By John Stewart
Chief Investment Officer at Farmers Trust Co.
Week in Review: Fed Stays Pat
The Federal Reserve met again this past week, as they do every six weeks, for their decision on whether to make adjustments to their current monetary policy.
As expected, the committee left their interest rate target unchanged; however, the situation in the Middle East has the Fed governors on edge regarding inflation.
The Fed is less worried about a growth slowdown than they should be given recent weakness in the labor market, along with signs of cracks in the private credit market.
Typically, these growth concerns would cause the Fed to lean toward cutting interest rates to support economic growth, but with rising oil prices due to the conflict in the Middle East, the Fed is wondering if inflation could become a bigger problem yet again.
Despite some of the Fed’s rhetoric, monetary policy has little to no effect in fighting a supply-driven spike in oil prices.

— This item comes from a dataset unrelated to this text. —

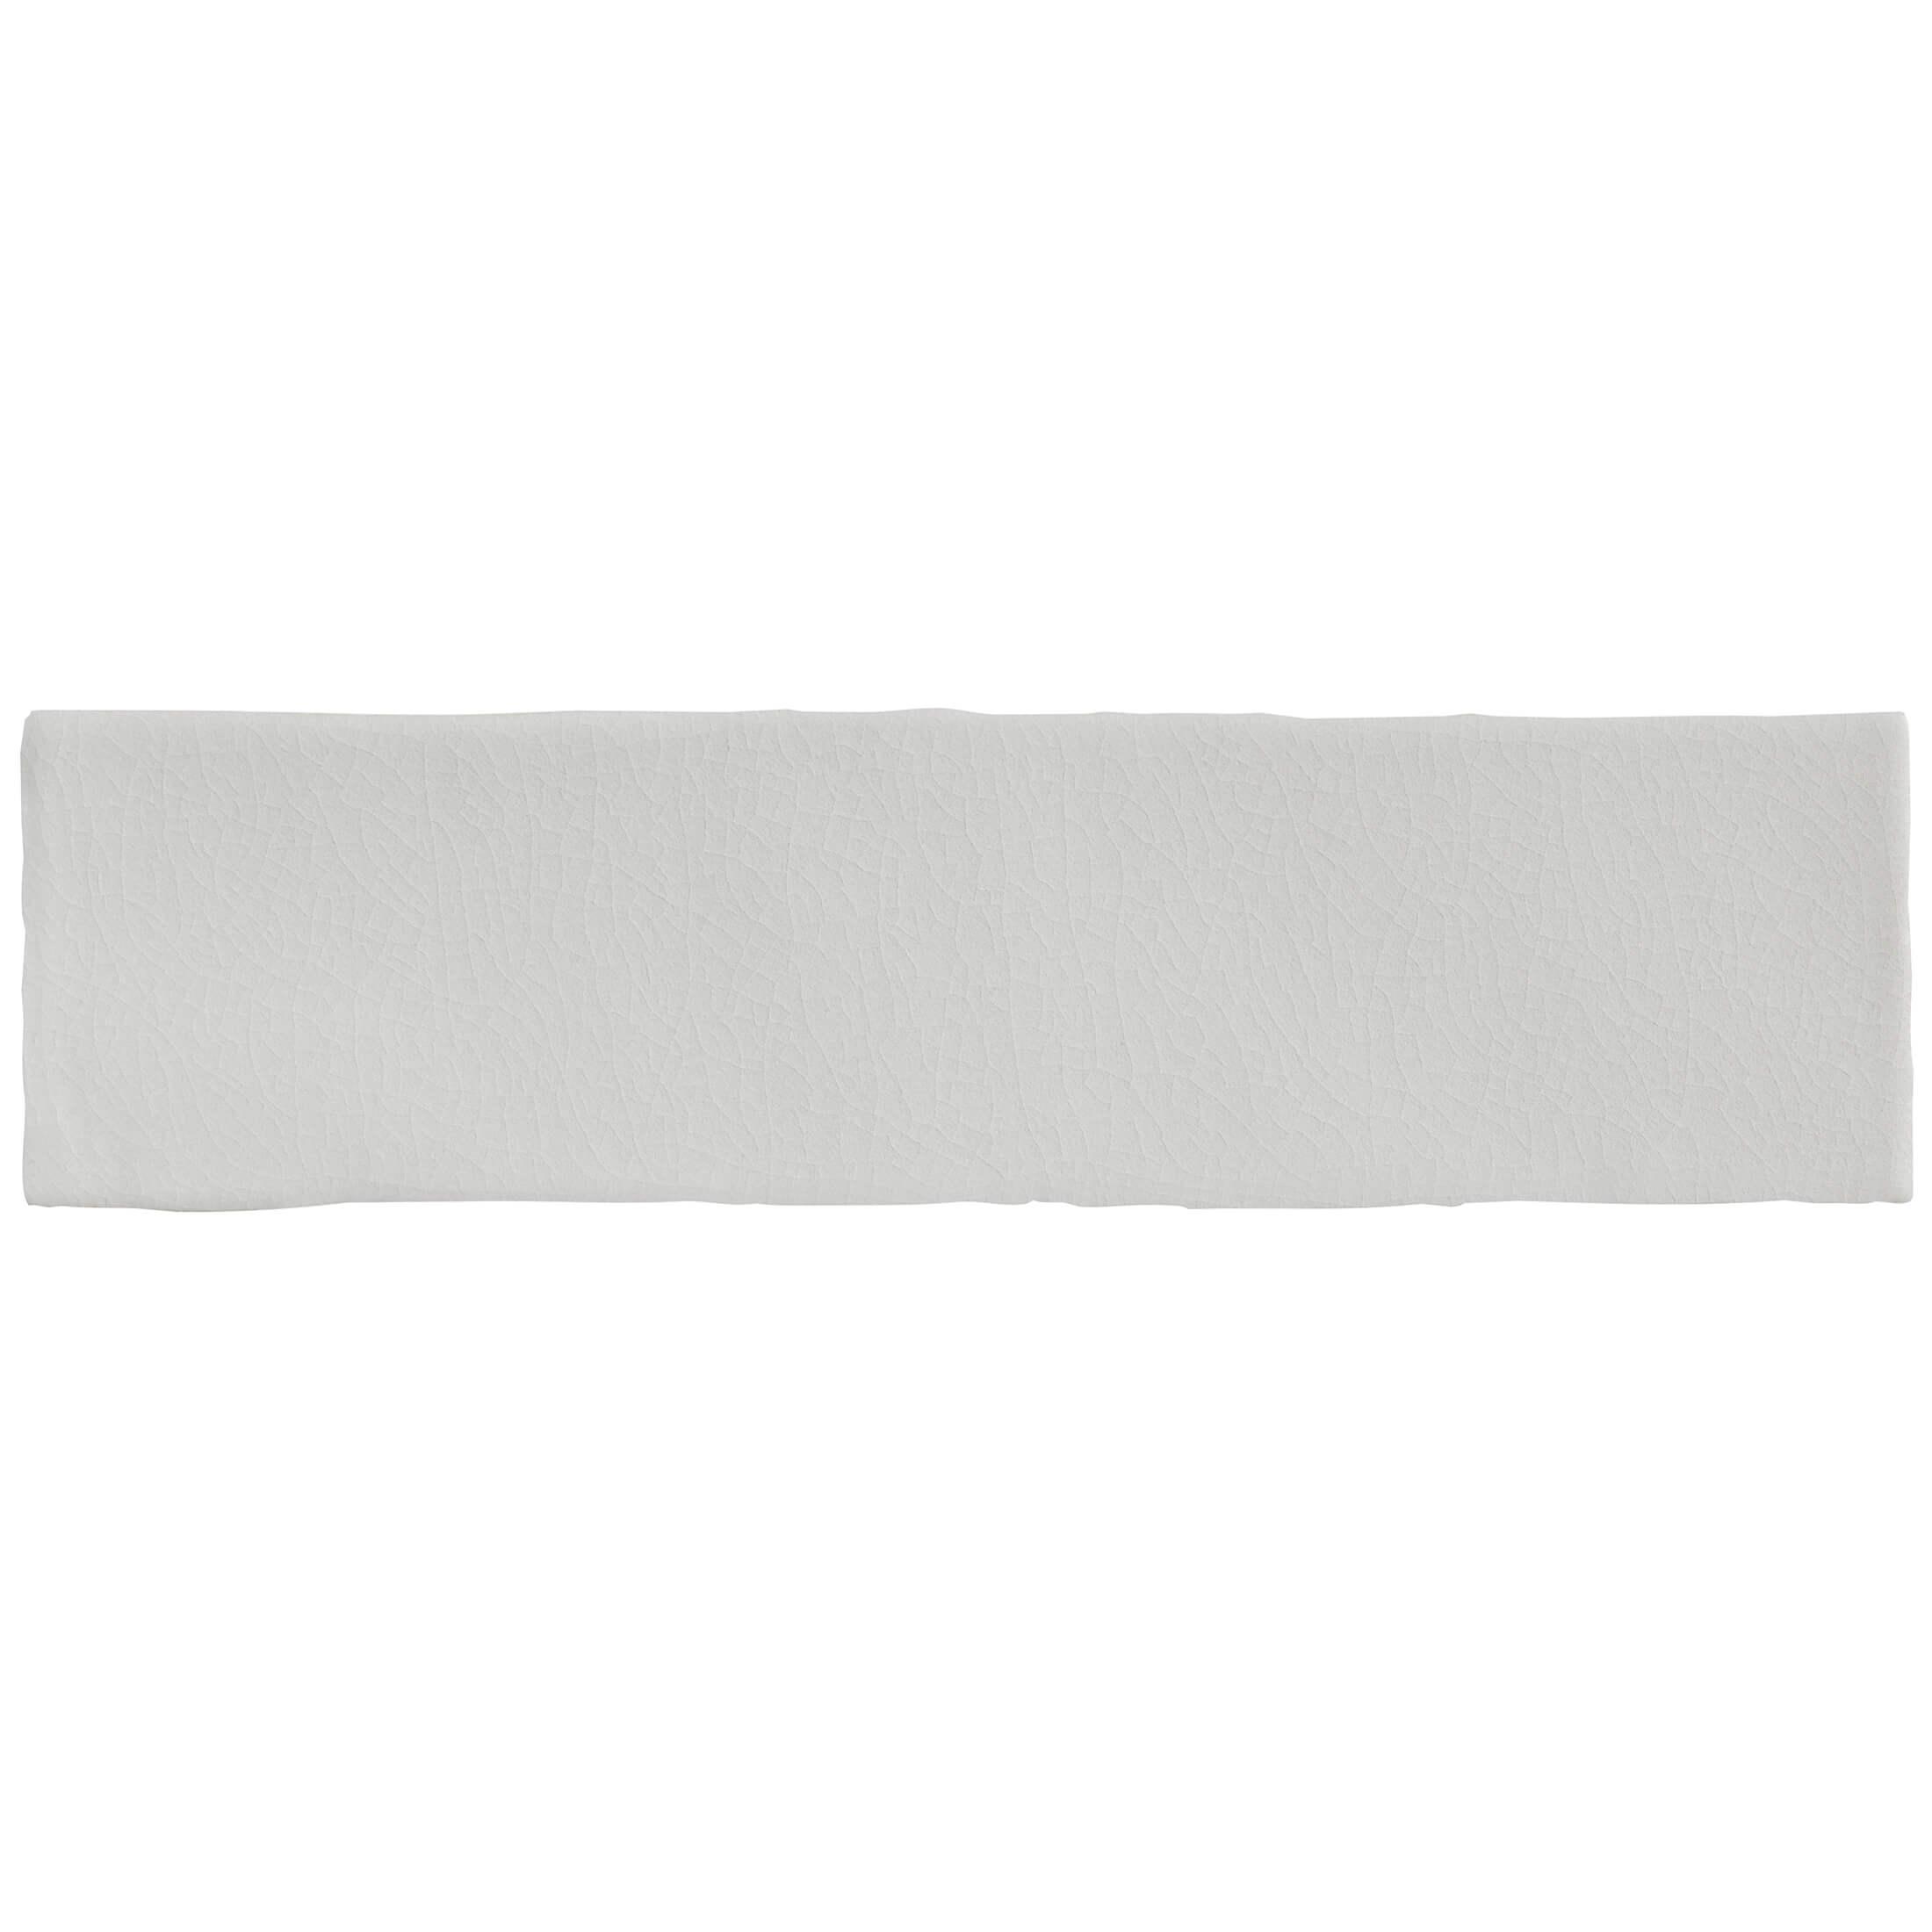 ADEH1020 - LISO  - 7.5 cm X 30 cm

Therefore, the Fed should focus on the growth slowdown, which could actually be made worse by the aforementioned rise in oil prices. Cutting rates at their next meeting would be appropriate.
Featured Insight: Risk Happens Fast
There’s a saying out there that risk happens slowly – and then all at once.

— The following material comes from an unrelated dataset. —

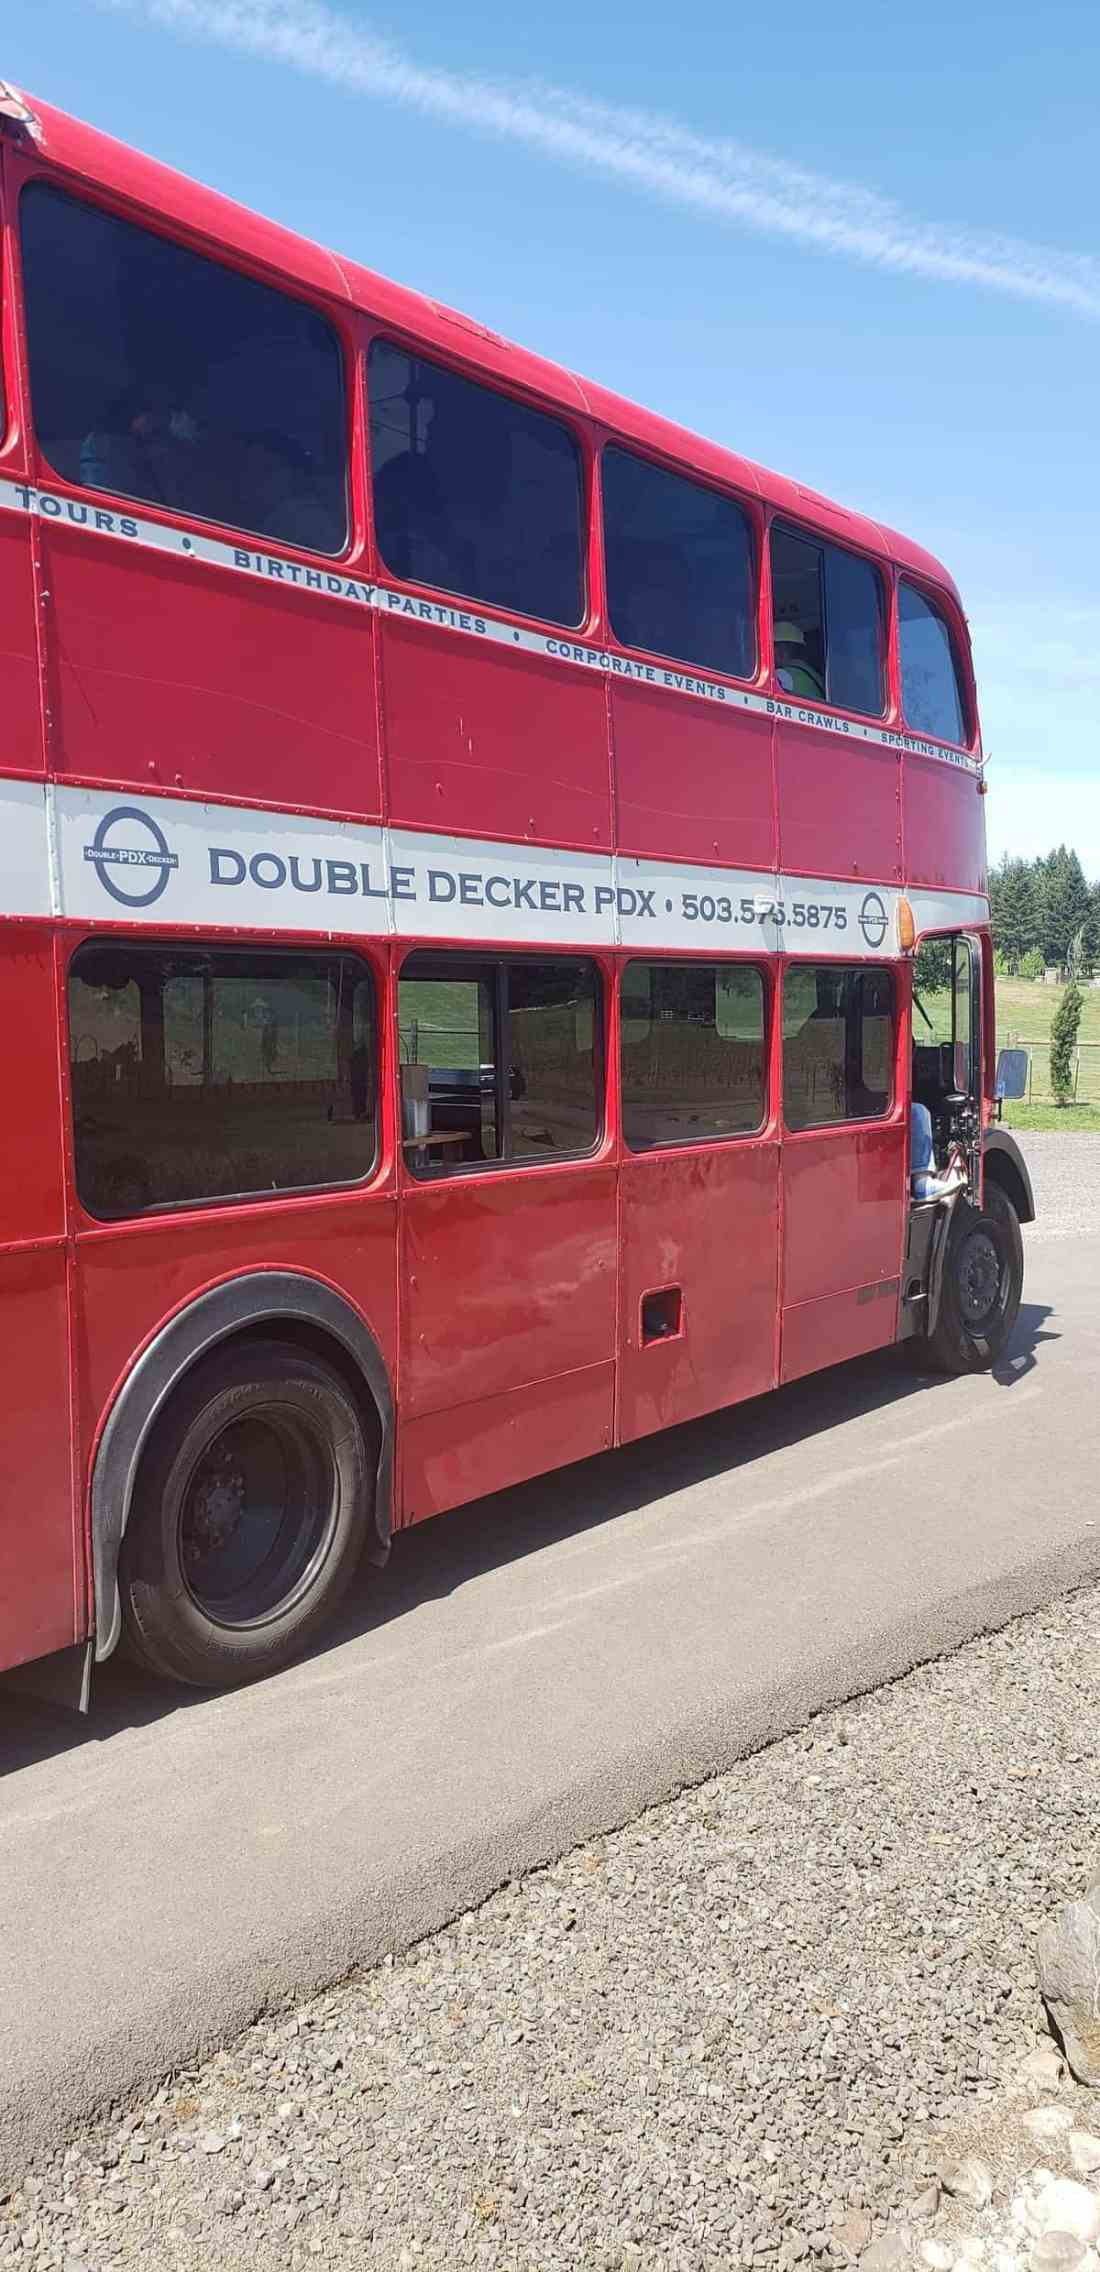 Double Decker PDX

It’s akin to Ernest Hemingway’s explanation of how bankruptcy happens – gradually, then suddenly.
Investors have been lulled into a sense of complacency over the past few years, and the level of optimism was running high heading into 2026.
That set the stage for an adjustment period in markets. All we needed was a catalyst.

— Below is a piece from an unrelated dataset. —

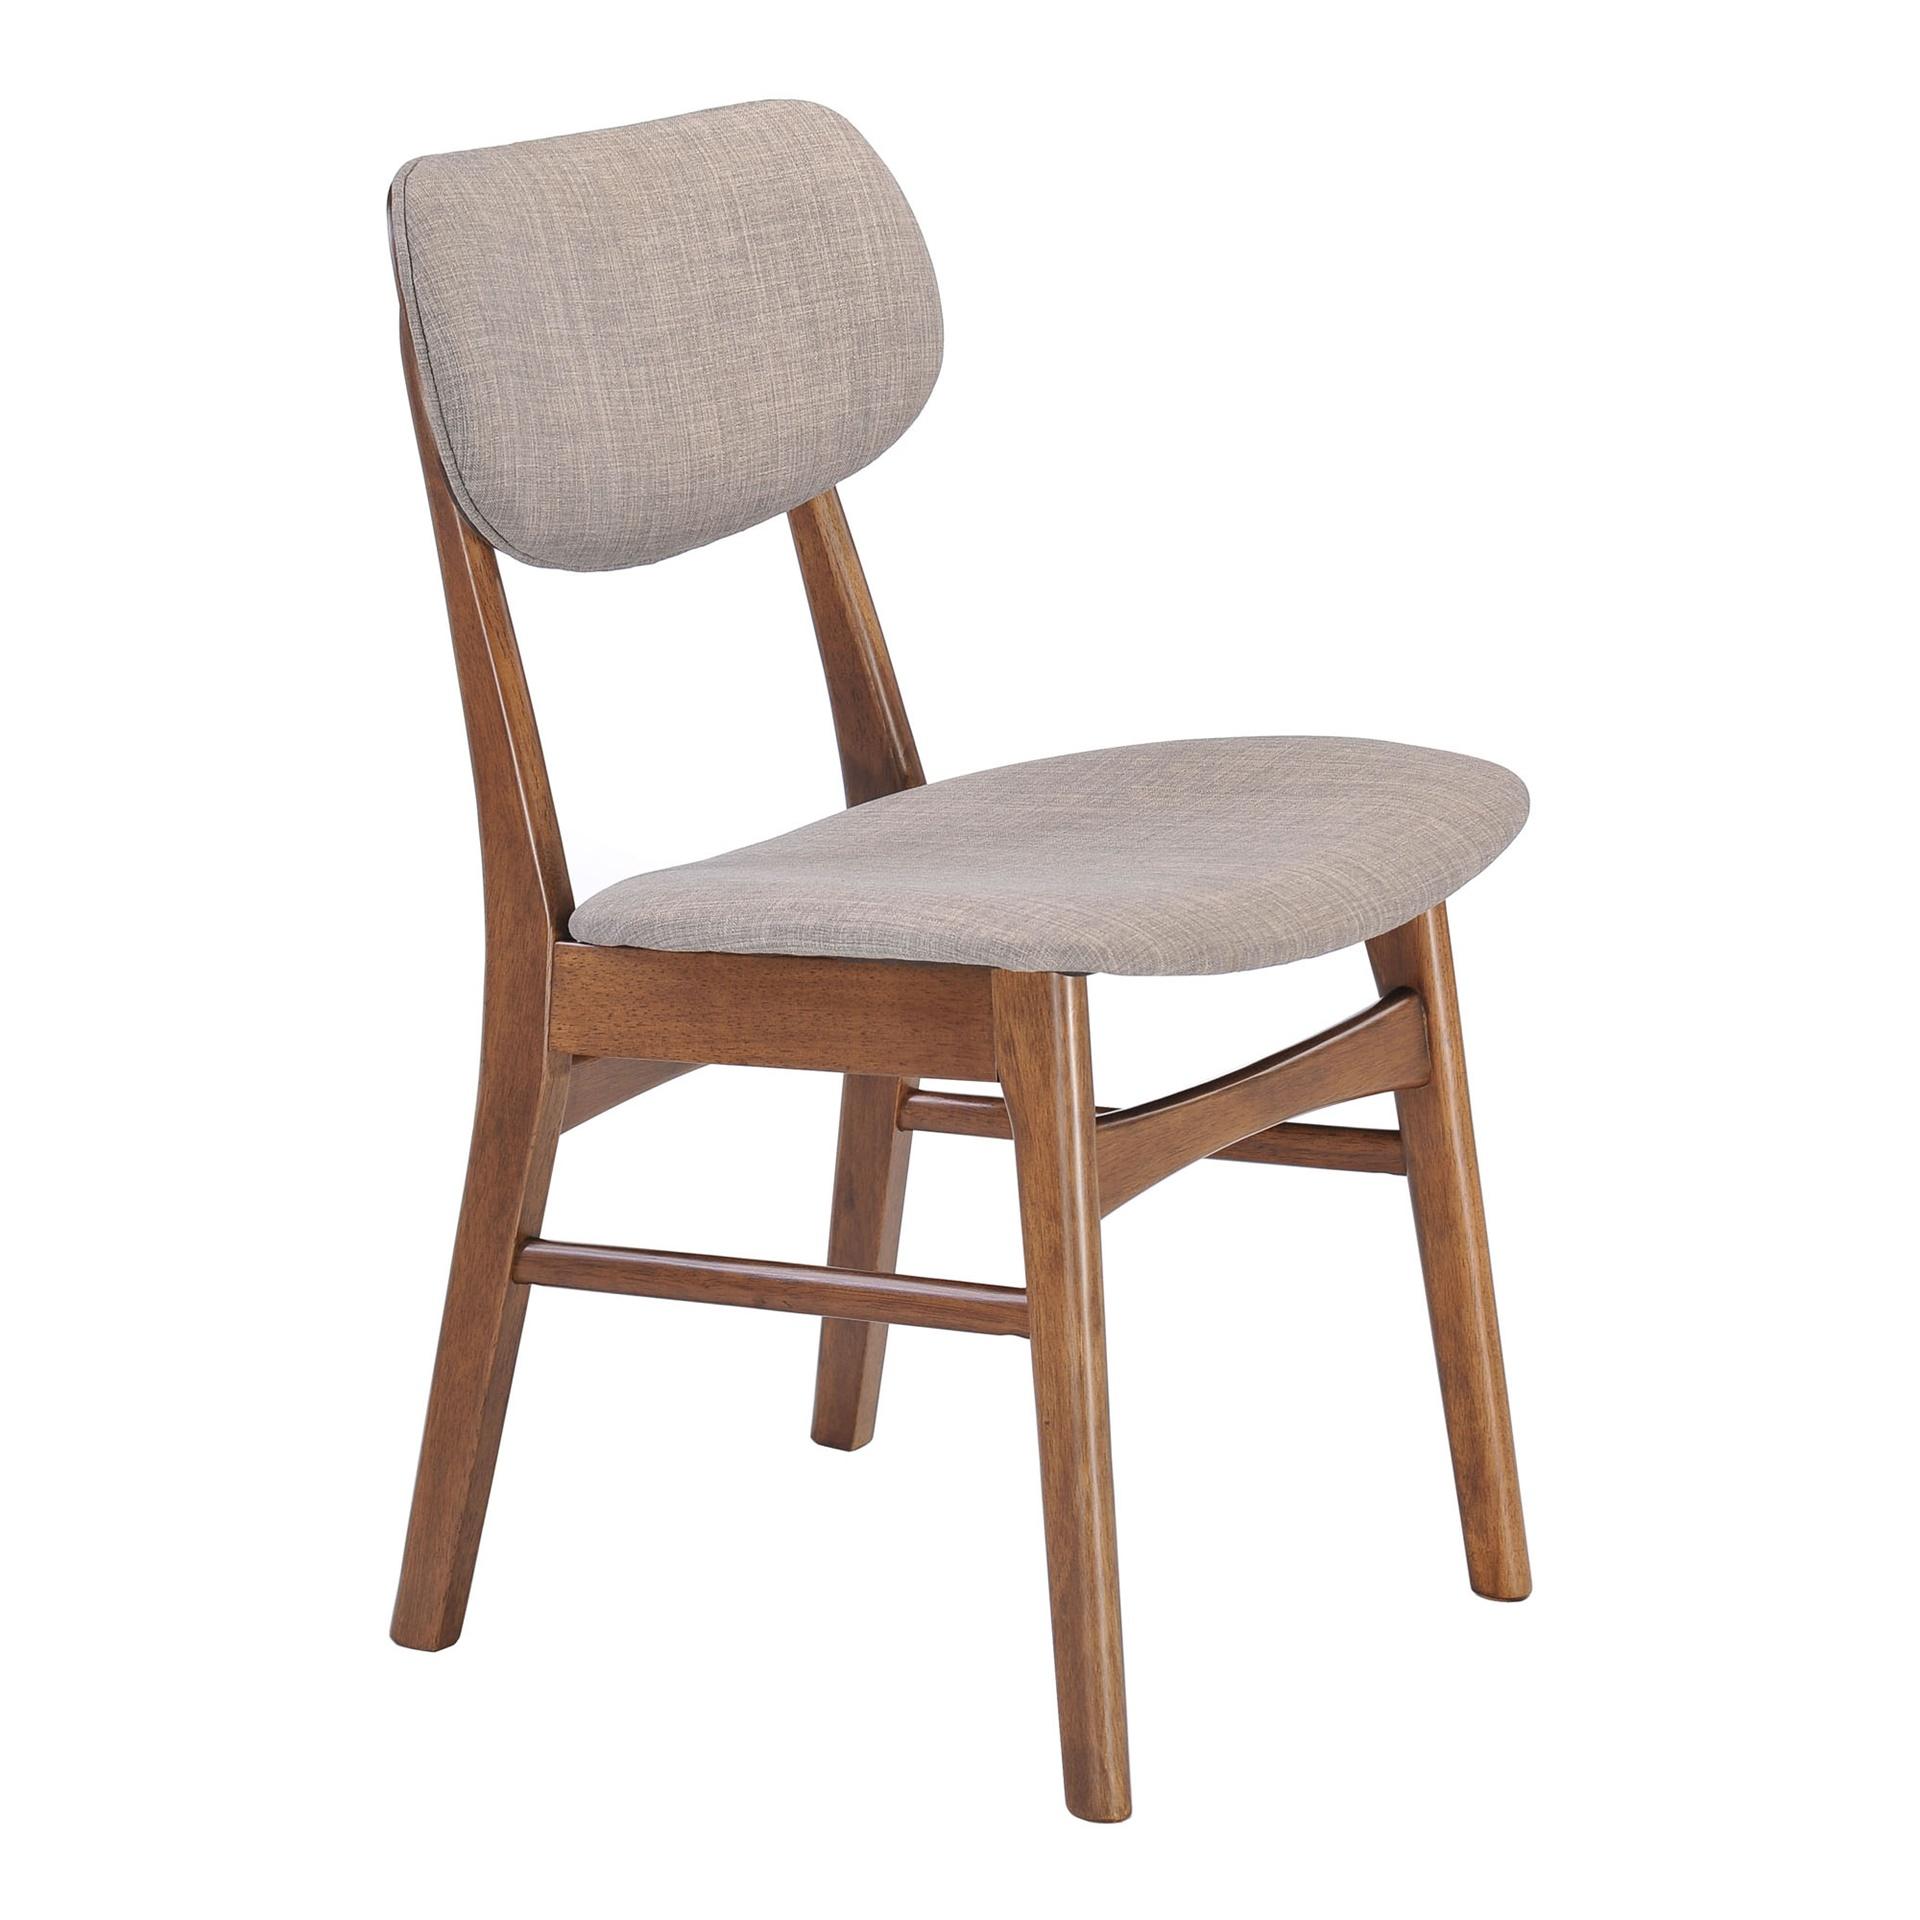 Pleasant Midtown Dining Chair Dailytribune Chair Design For Home Dailytribuneorg

We obviously have our catalyst in the form of an oil price shock caused by Iran’s closure, or near-closure, of the Strait of Hormuz. Let’s just hope we can resolve the situation before the risk overwhelms us.
Looking Ahead: When Will March End?
For many investors, March can’t end fast enough.
Markets are fast moving, but as of my last look, the S&P 500 index was down around 5% for the month so far, which is good enough for the worst monthly return since, well, March of last year. And then, of course, we all remember what happened in March 2020.
March is quickly becoming a scary month for investors – in some ways it’s the new September/October, which have historically been the worst two months of the year.
March has been the fifth best month on average since 1950, with an average return above 1%. But it’s the second worst month since 2020, with an average loss of more than 2%.
Of course, this could all just be a coincidence but, hopefully, April will live up to its long-run average return of 1.5%, which has been the average for the month of April since 1950, as well as over the past five years.